## Objective: Understand the layered architecture of modern data platforms.

Dataset: ecommerce_orders.csv

### Tasks:
1. Split this raw dataset logically into:

    -> Bronze Layer: Raw ingestion (entire dataset)

    -> Silver Layer: Only successful (status = delivered) orders
    
    -> Gold Layer: Aggregated metrics like total revenue per product

2. Create a markdown visual representation (table or diagram) of how data flows from
Bronze → Silver → Gold.

3. Write one paragraph answering:
“Why is the Lakehouse model better than traditional Data Warehousing for modern companies?”

In [0]:
import pandas as pd
file_path = '/Workspace/Users/akashkchavan9900@gmail.com/data-engineering-projects/Datasets/ecommerce_orders.csv'
df = pd.read_csv(file_path)

### Task 1: 
Bronze Layer



In [0]:
df

SIlver Layer

In [0]:
df1 = df[df['status'] == 'delivered']
df1

Gold Layer

In [0]:
df2 = df1.groupby('product', as_index=False)['amount'].sum()
df2.rename(columns={'amount': 'total_revenue'}, inplace=True)
print(df2)

## Task 2: 
#### Data Flow: Bronze → Silver → Gold

| Layer  | Description                                      | Data Criteria                            |
|--------|--------------------------------------------------|------------------------------------------|
| Bronze | Raw ingestion of all data                        | All records from the source              |
| Silver | Cleaned and filtered data                        | Only where `status = delivered`         |
| Gold   | Aggregated insights for analysis or reporting    | Revenue grouped by product              |


## Task 3: 
#### Why is the Lakehouse model better than traditional Data Warehousing for modern companies?
-> 
The Lakehouse model combines the best of both worlds—data lakes and data warehouses.
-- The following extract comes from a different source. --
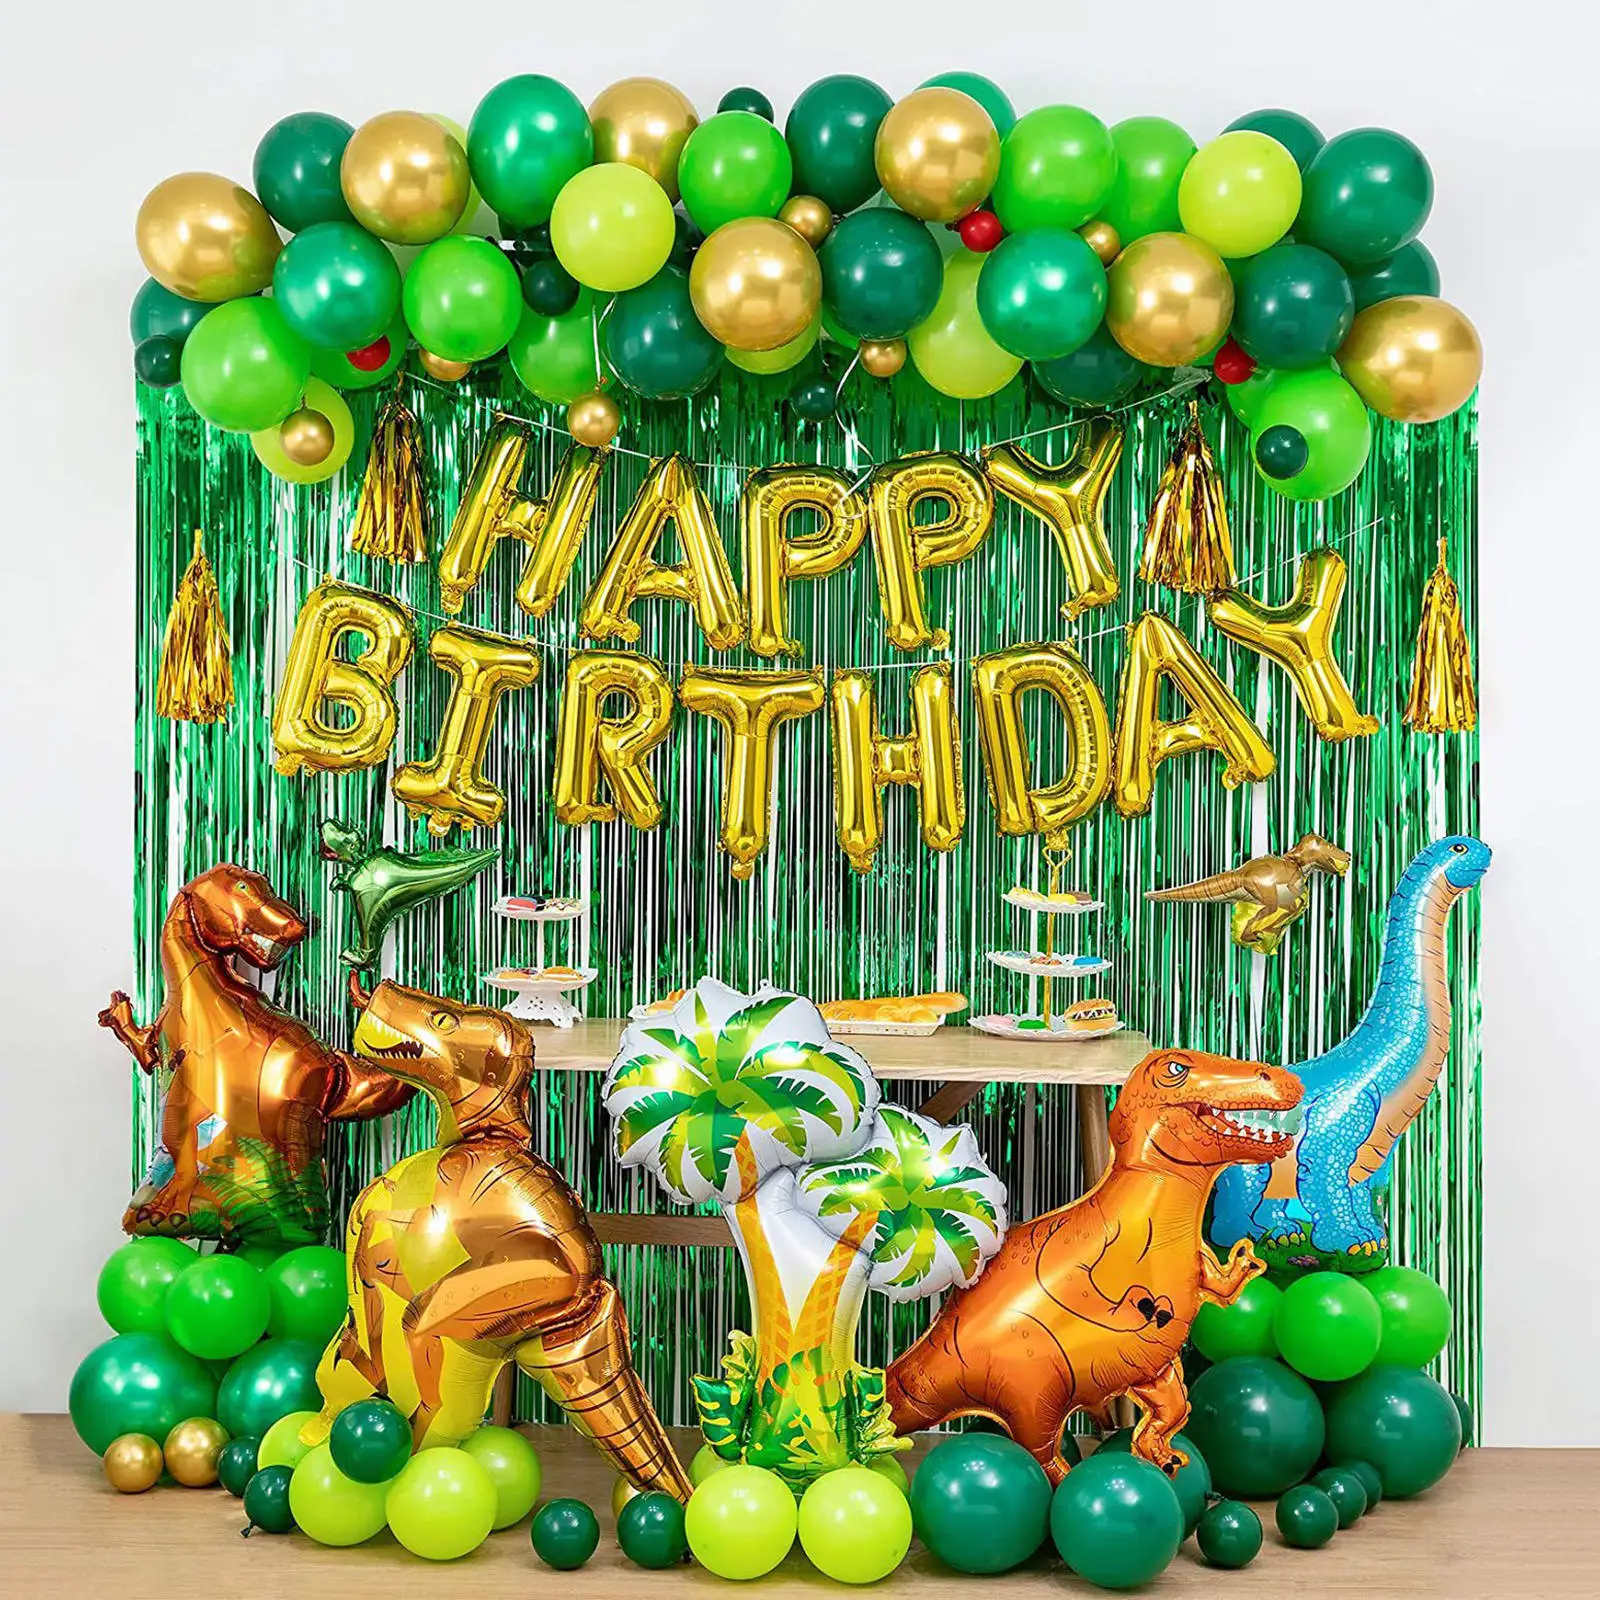 113pc Dinosaur Birthday Party Decoration Balloons Arch Garland Kit Happy Birthday Balloons foil Curtains dino Themed Party Favor

Traditional data warehouses are great for structured analytics but fall short when dealing with large volumes of semi-structured or unstructured data. On the flip side, data lakes offer flexibility and scalability but often lack reliability for business-critical analytics. Lakehouse solves this by using open formats like Parquet and Delta Lake to provide a single storage layer for both structured and unstructured data, with support for ACID transactions, schema enforcement, and BI workloads. For modern companies, it means faster insights, lower data duplication, and reduced infrastructure costs—all in one place.